Work to complete ::
Would you please restate the data exactly as it stands, apart from the pictures?

Source data ::
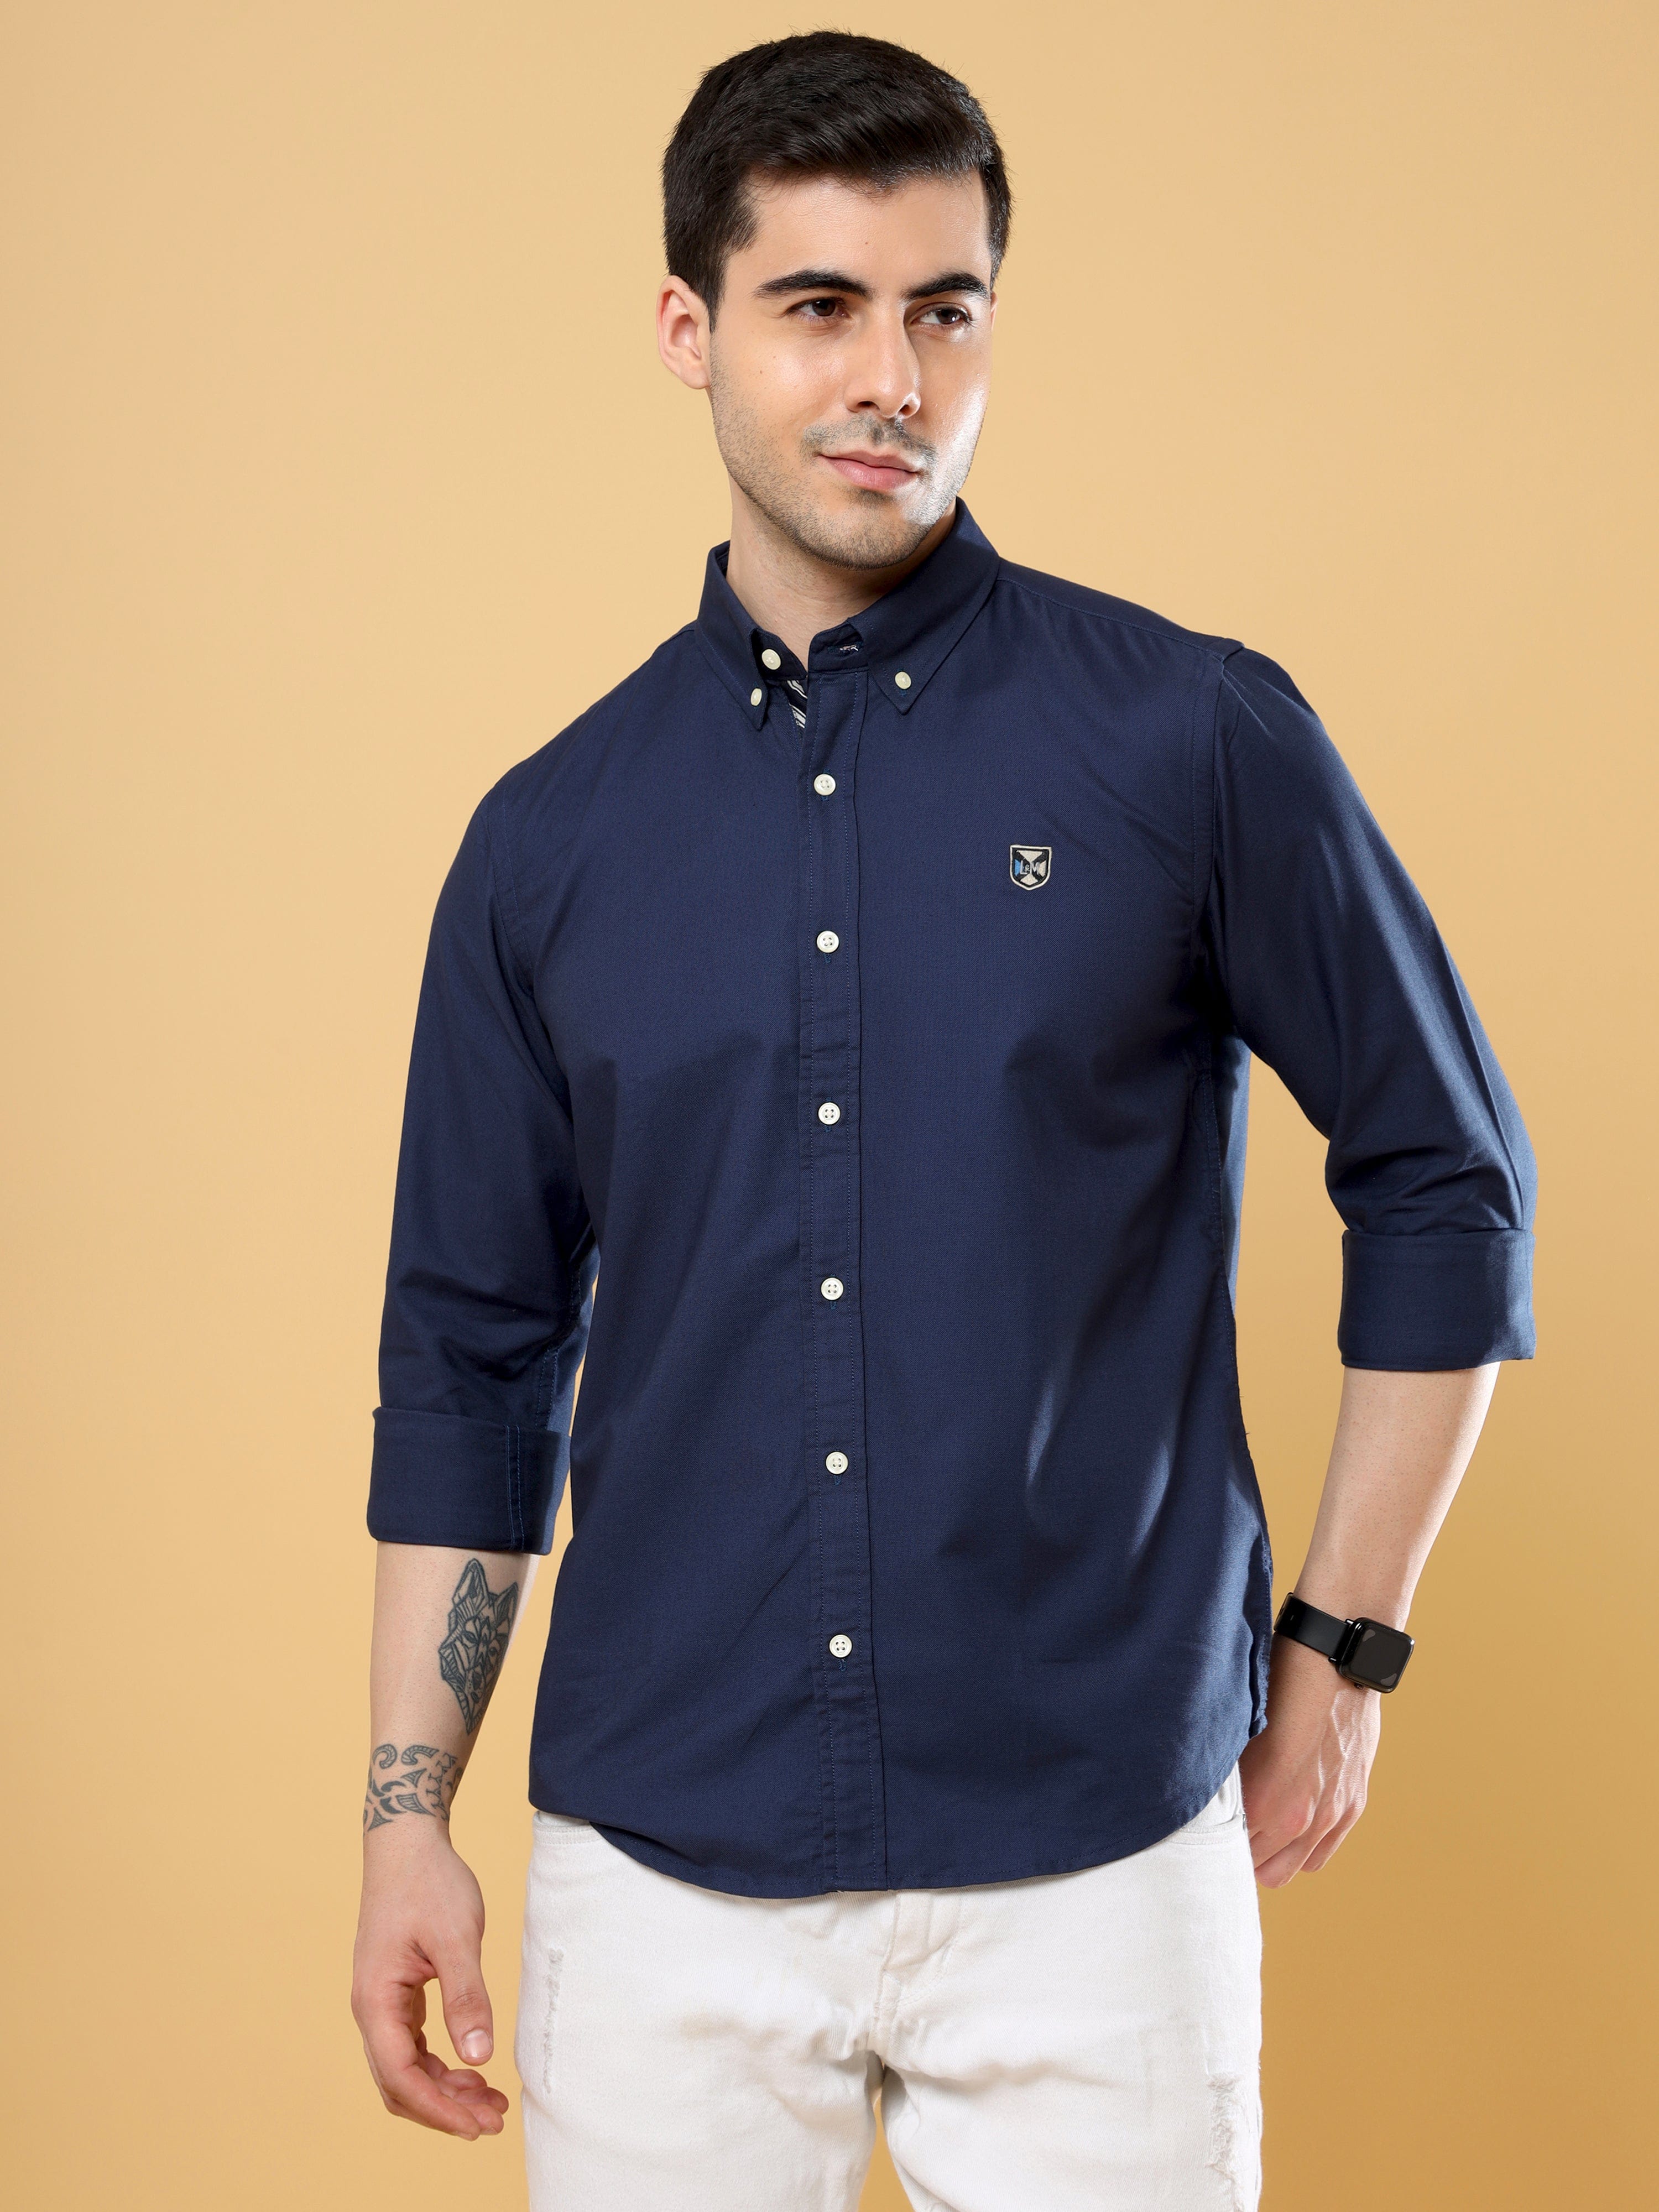 Navy Blue Button Down Oxford Shirt
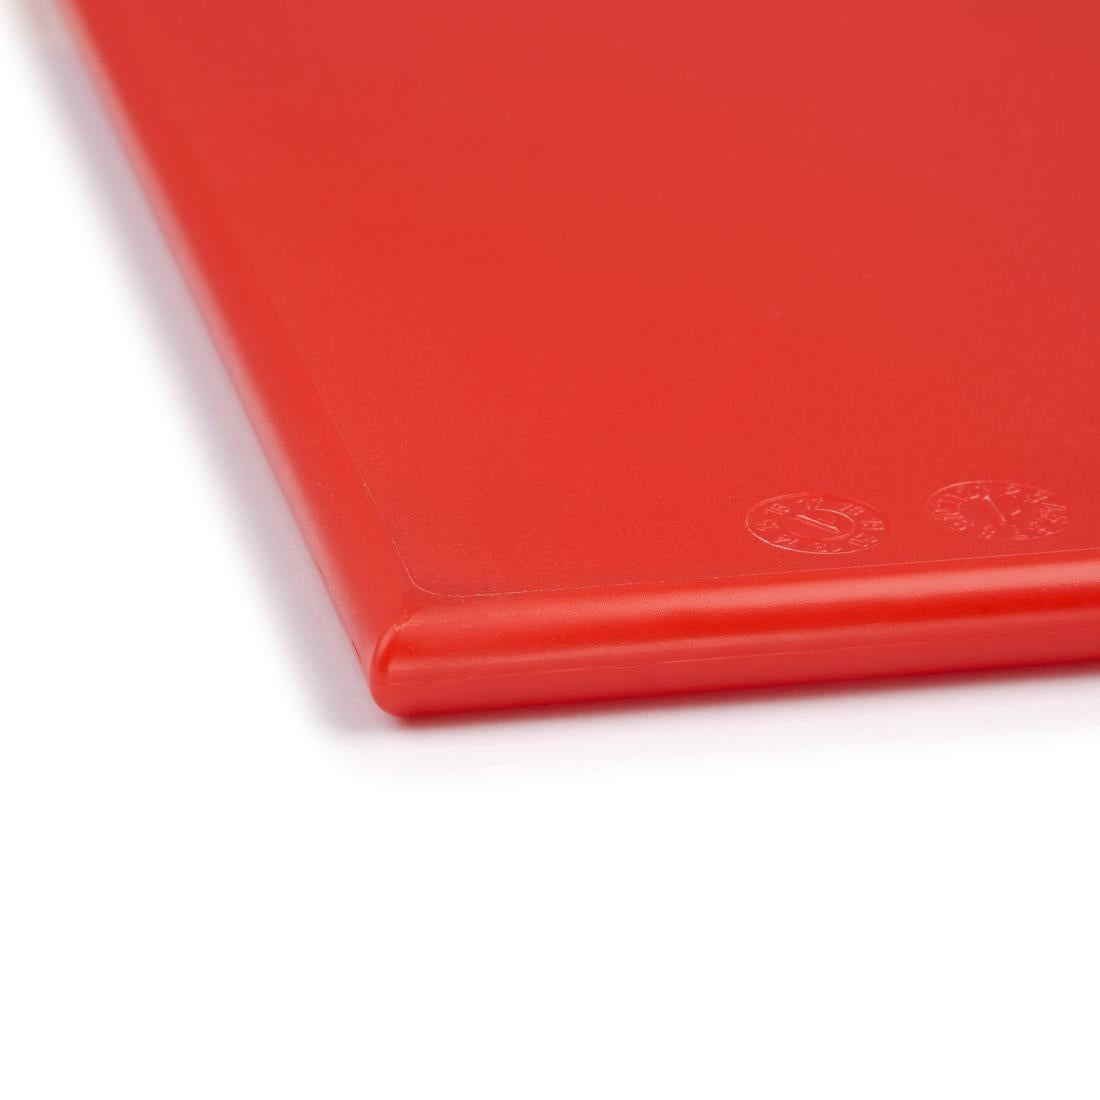 EDLP - Hygiplas High Density Chopping Board Red - 450x300x12mm 17.75x12x0.5"
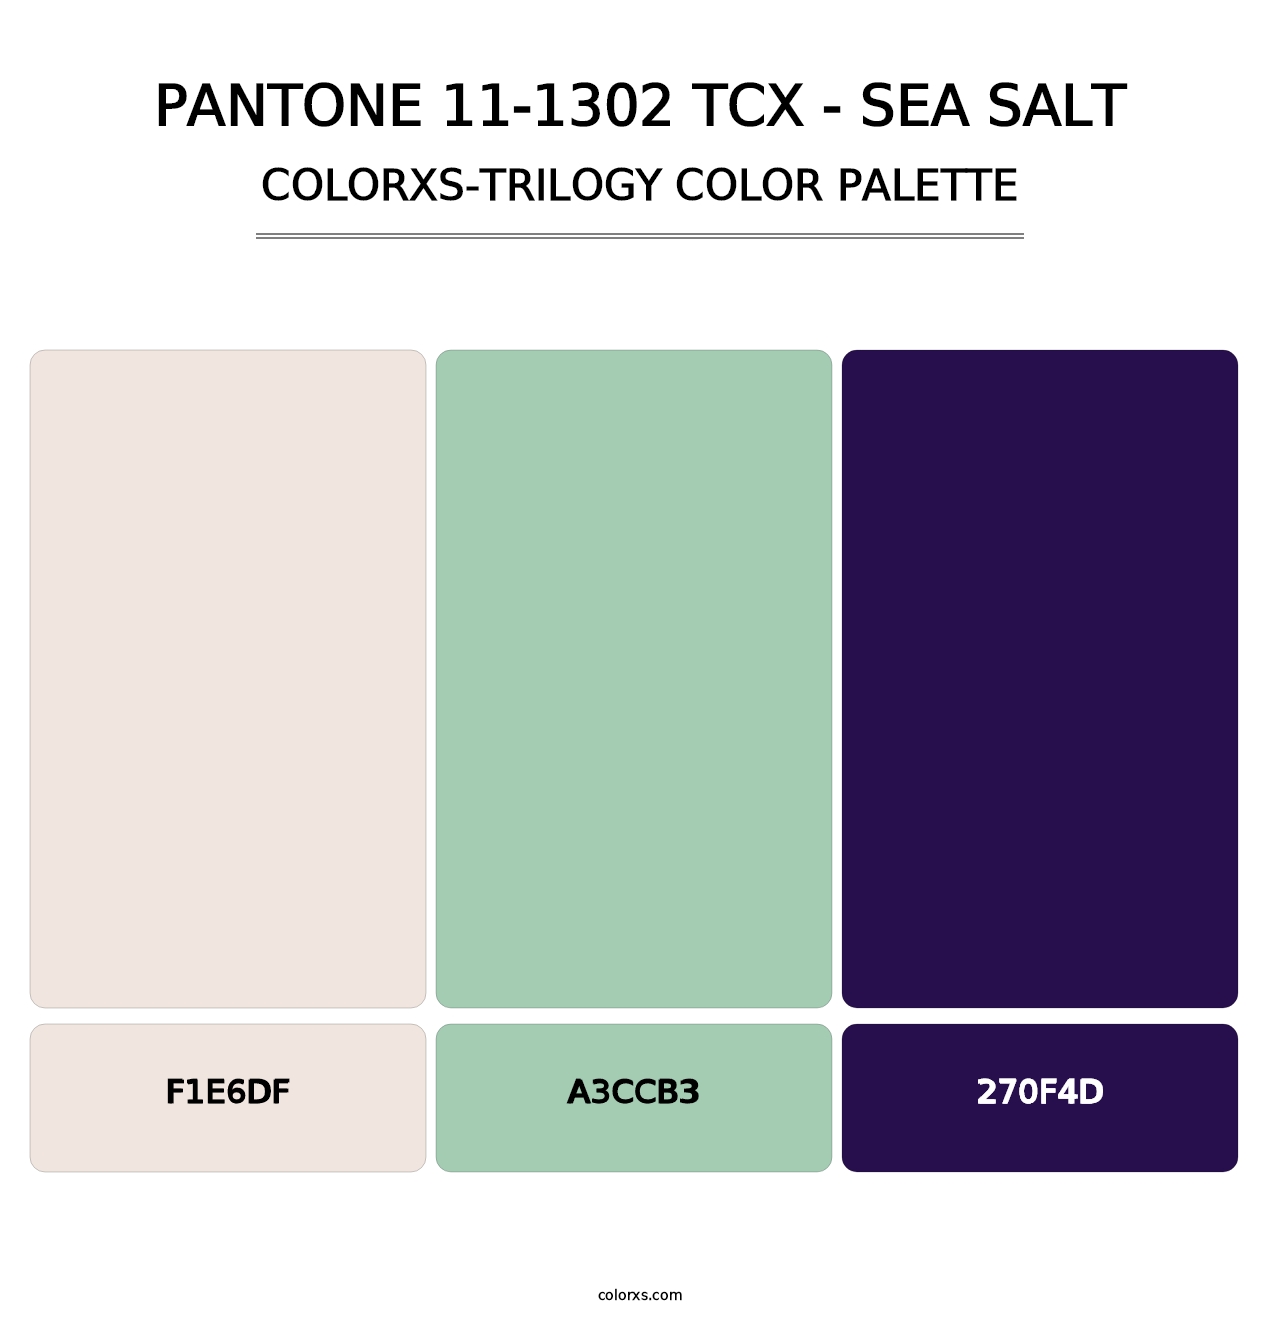 PANTONE 11-1302 TCX - Sea Salt - Colorxs Trilogy Palette
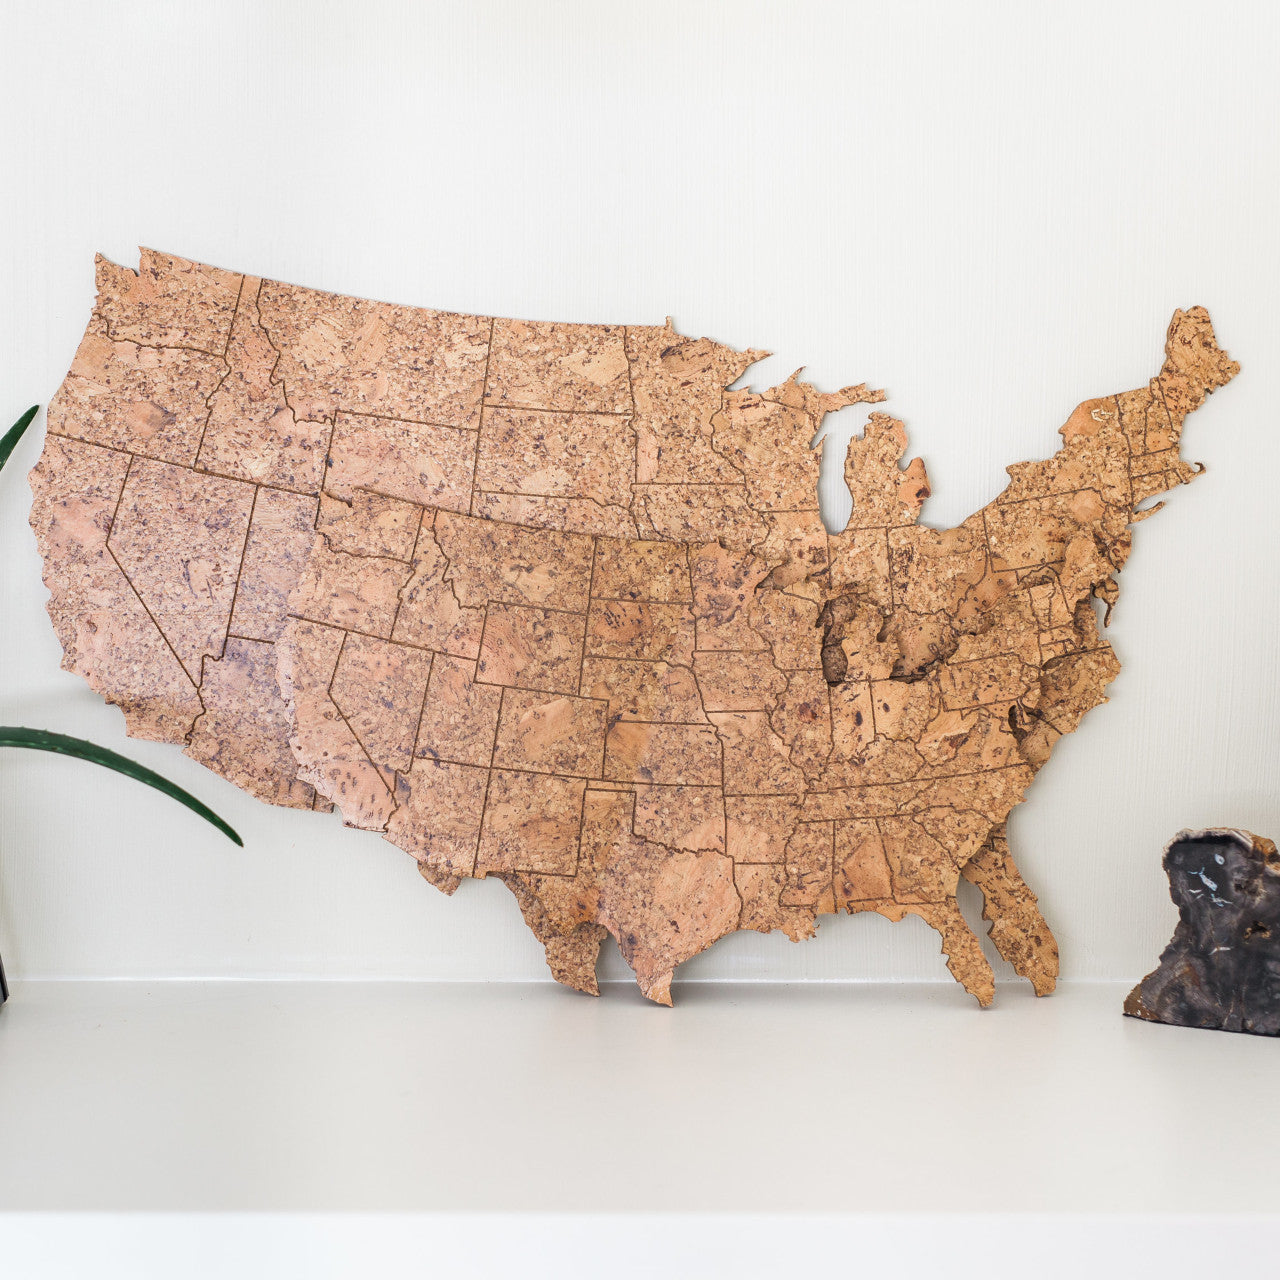 GEO 101 Design - Cork Map of the United States - Medium Size, Wall Decor - GEO 101 DESIGN

Output for this exercise ::
 Navy Blue Button Down Oxford Shirt
 EDLP - Hygiplas High Density Chopping Board Red - 450x300x12mm 17.75x12x0.5"
 PANTONE 11-1302 TCX - Sea Salt - Colorxs Trilogy Palette
 GEO 101 Design - Cork Map of the United States - Medium Size, Wall Decor - GEO 101 DESIGN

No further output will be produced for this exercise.